O monopólio americano desta terrível arma durou só quatro anos. Pelo mérito conjugado dos seus cientistas e dos seus espiões, a União Soviética testou a sua primeira bomba em 1949. Há quem diga que foi nesse momento que começou a Guerra Fria, pois o risco de uma confrontação nuclear obrigou as duas superpotências a evitar uma guerra quente entre ambas, preferindo choques controlados, fosse na Coreia, no Vietname ou no Afeganistão, tudo tragédias imensas, mas muito longe de significarem o fim do planeta. Dessa rivalidade, em que os arsenais nucleares se enchiam de bombas, cada lado procurando suplantar o outro, são testemunho as mais de 5000 ogivas, cada, que americanos e russos mantêm.

A proliferação nuclear tornou-se inevitável. Os britânicos avançaram logo. Os franceses pouco depois. Em 1964, os chineses também já tinham armas nucleares. A dado momento, embora sem o admitirem até hoje, os israelitas juntaram-se ao clube. Assim, se era suposto as potências nucleares oficiais serem cinco, ou seja os cinco vencedores da Segunda Guerra Mundial, que são também os cinco membros permanentes do Conselho de Segurança, depressa se percebeu ser impossível. Em 1974, a Índia testou a bomba, que confirmou com uma série de ensaios em 1998, com o vizinho Paquistão em simultâneo a assumir que também já era senhor do poder nuclear e, portanto, a rivalidade vinda desde 1947, e expressa em três guerras, passava para um outro patamar. Finalmente, em 2006, um nono membro anunciou-se com estrondo: a Coreia do Norte.
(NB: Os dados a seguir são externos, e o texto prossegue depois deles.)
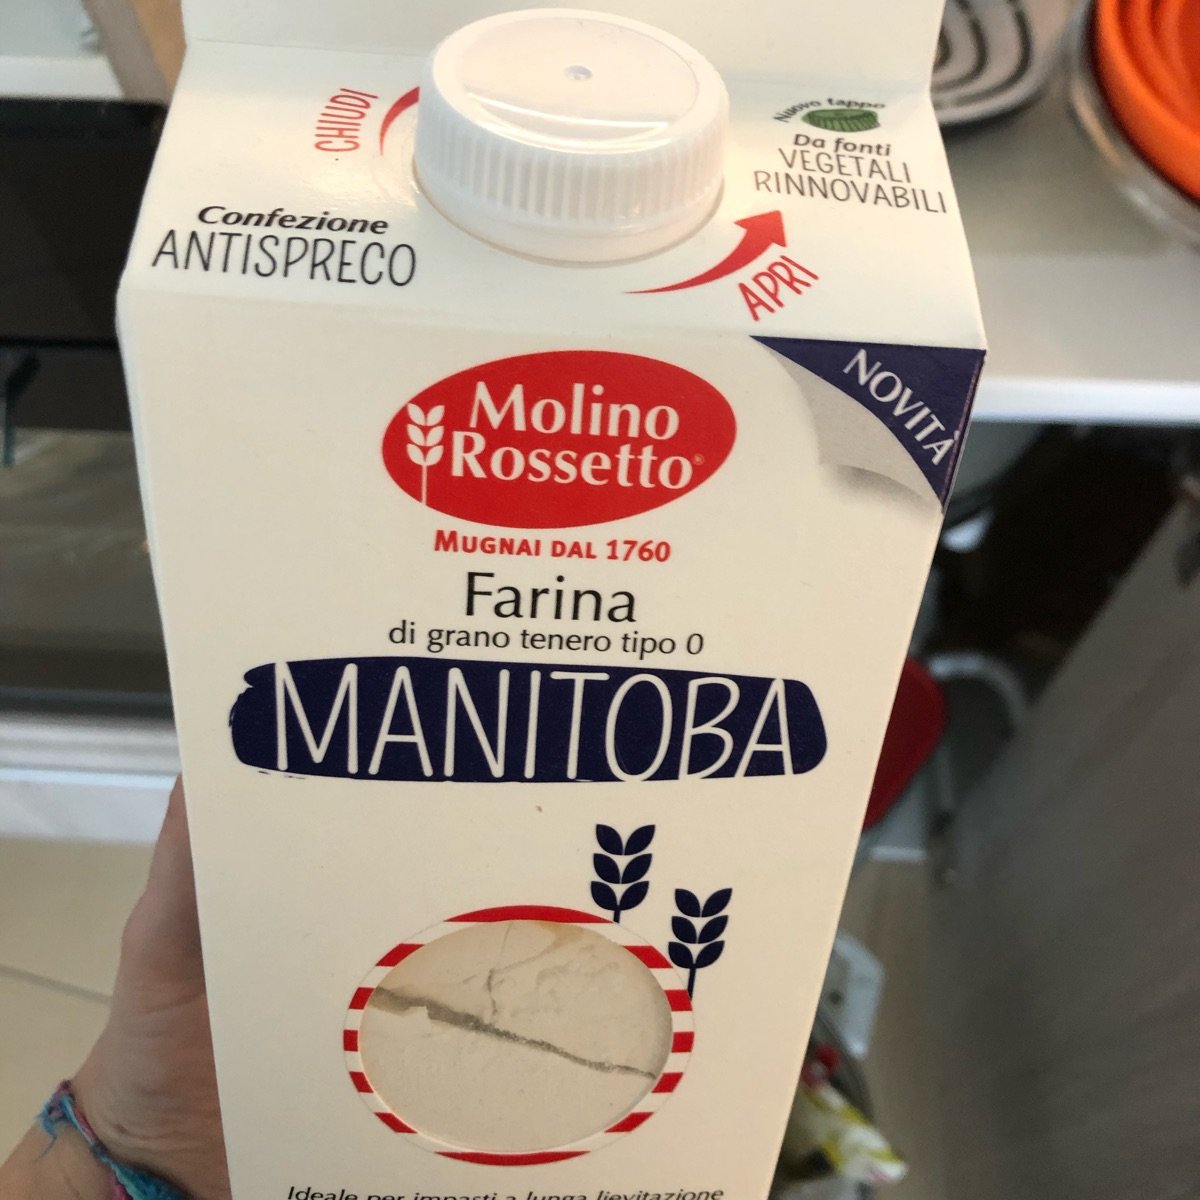 Molino Rossetto Farina Manitoba Reviews | abillion

Entre americanos e soviéticos, e também entre indianos e paquistaneses, o poder nuclear trouxe a dissuasão. A Guerra Fria nunca aqueceu, e às três guerras indo-paquistanesas não sucedeu uma quarta. À Coreia do Norte a bomba trouxe a sobrevivência do regime. A dinastia dos Kim, oficialmente comunista, sente-se mais protegida contra o mundo exterior do que antes de ter a bomba. O país é hoje temido e mesmo Donald Trump, no primeiro mandato, chegou a fazer cimeiras com Kim Jong-un. O nuclear faz medo e por isso dá estatuto, foi a mensagem.
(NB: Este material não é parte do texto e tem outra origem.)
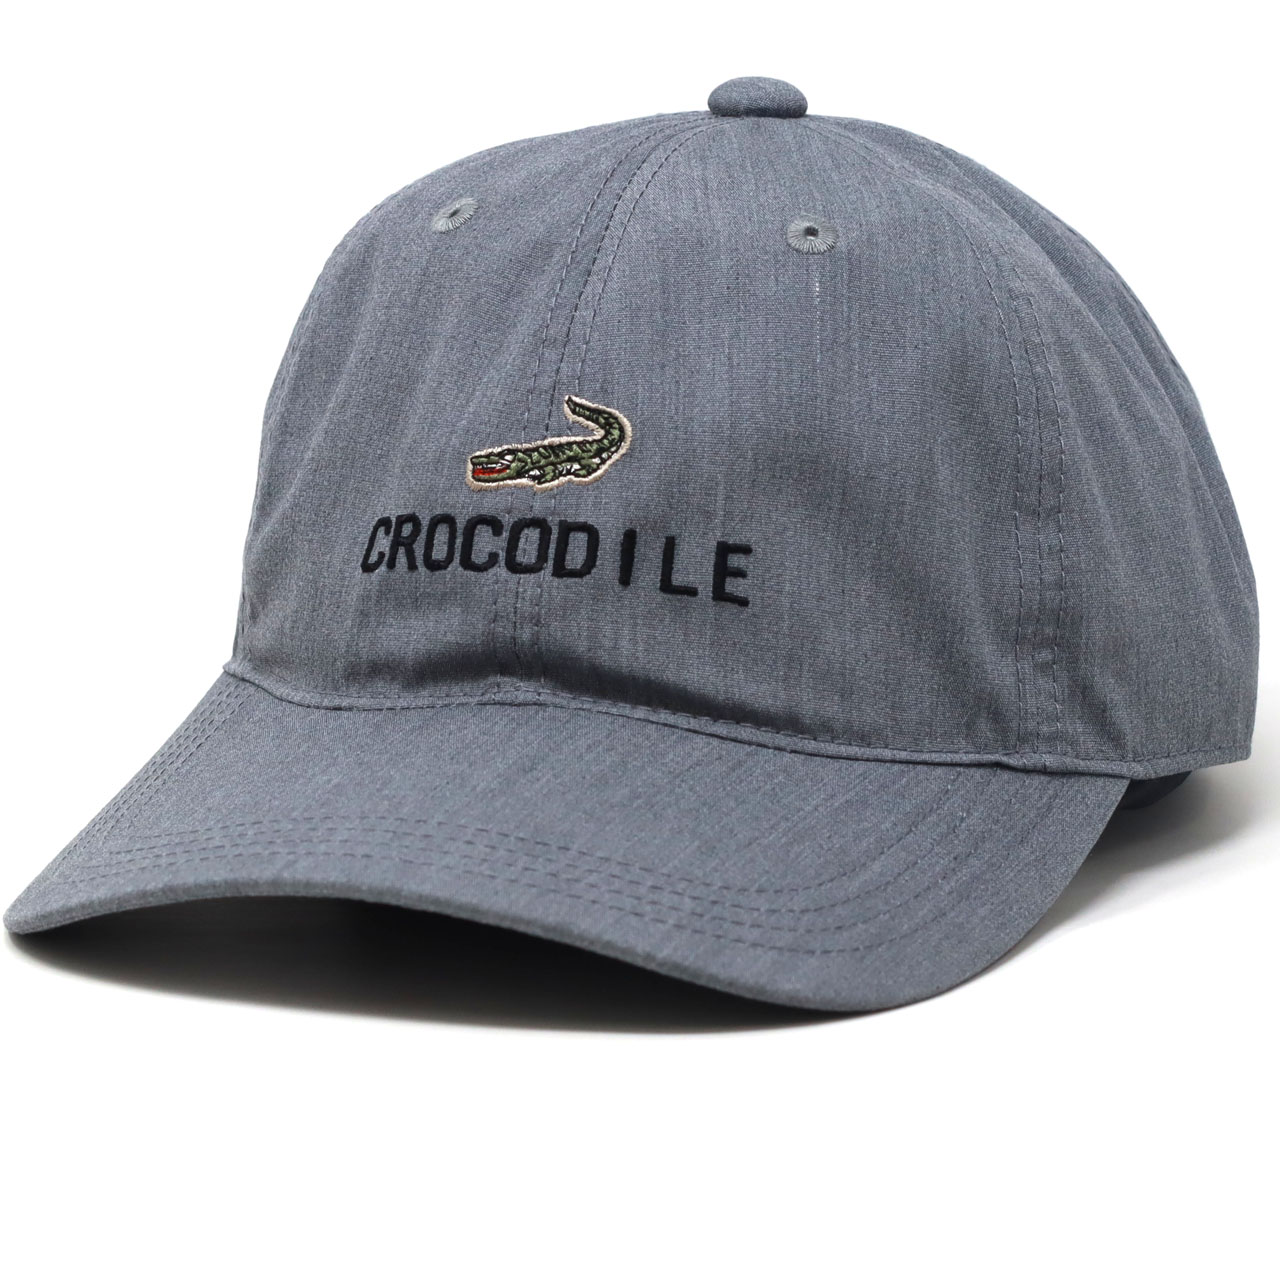 キャップ メンズ エコPUポプリン 帽子 メンズ CROCODILE メンズ 夏の帽子 ギフト キャップ 野球帽 クロコダイル キャップ ブランド  普段使い プレゼント :bx-hc599:ELEHELM帽子通販専門店 通販

Se o Irão está próximo de ter a bomba continua uma incógnita. Há quem pense que agora, depois do ataque por Israel, sim, vai avançar finalmente para esse objetivo. A não ser que os bombardeamentos dos últimos cinco dias tenham, de facto, destruído as instalações e eliminado os cientistas-chave. Tal como os Kim, também os ayatollahs sabem que a sua sobrevivência teria mais hipóteses se houvesse capacidade de dissuasão. Muammar Khadafi na Líbia e Saddam Hussein no Iraque tentaram ter armas nucleares e acabaram por desistir. Ambos, depois, foram derrubados por ações do Ocidente, e se o primeiro acabou linchado, o segundo foi enforcado. Teria sido diferente com a bomba?

Israel decidiu que o Irão, fosse qual fosse a intenção do enriquecimento do urânio, não teria nunca a bomba. E boa parte do mundo não esconde ver com agrado o fim das possibilidades nucleares do grande país que é herdeiro da Civilização Persa, a começar pelos vizinhos árabes. A guerra, porém, continua. Falta ainda uma certeza absoluta a Israel.

Tal como vai continuar, de certeza, a haver países que ambicionarão a arma nuclear. No passado, brasileiros e argentinos tiveram programas militares. E também a África do Sul, na era do regime do Apartheid, procurou a bomba. Ucrânia e Cazaquistão renunciaram a tê-la, depois de herdarem parte do arsenal soviético (especula-se que também os sul-africanos desistiram dela depois de a ter). Haverá um dia um décimo membro do clube nuclear? É provável. Há 80 anos que é uma tentação. Que do ter não se passe nunca mais ao usar.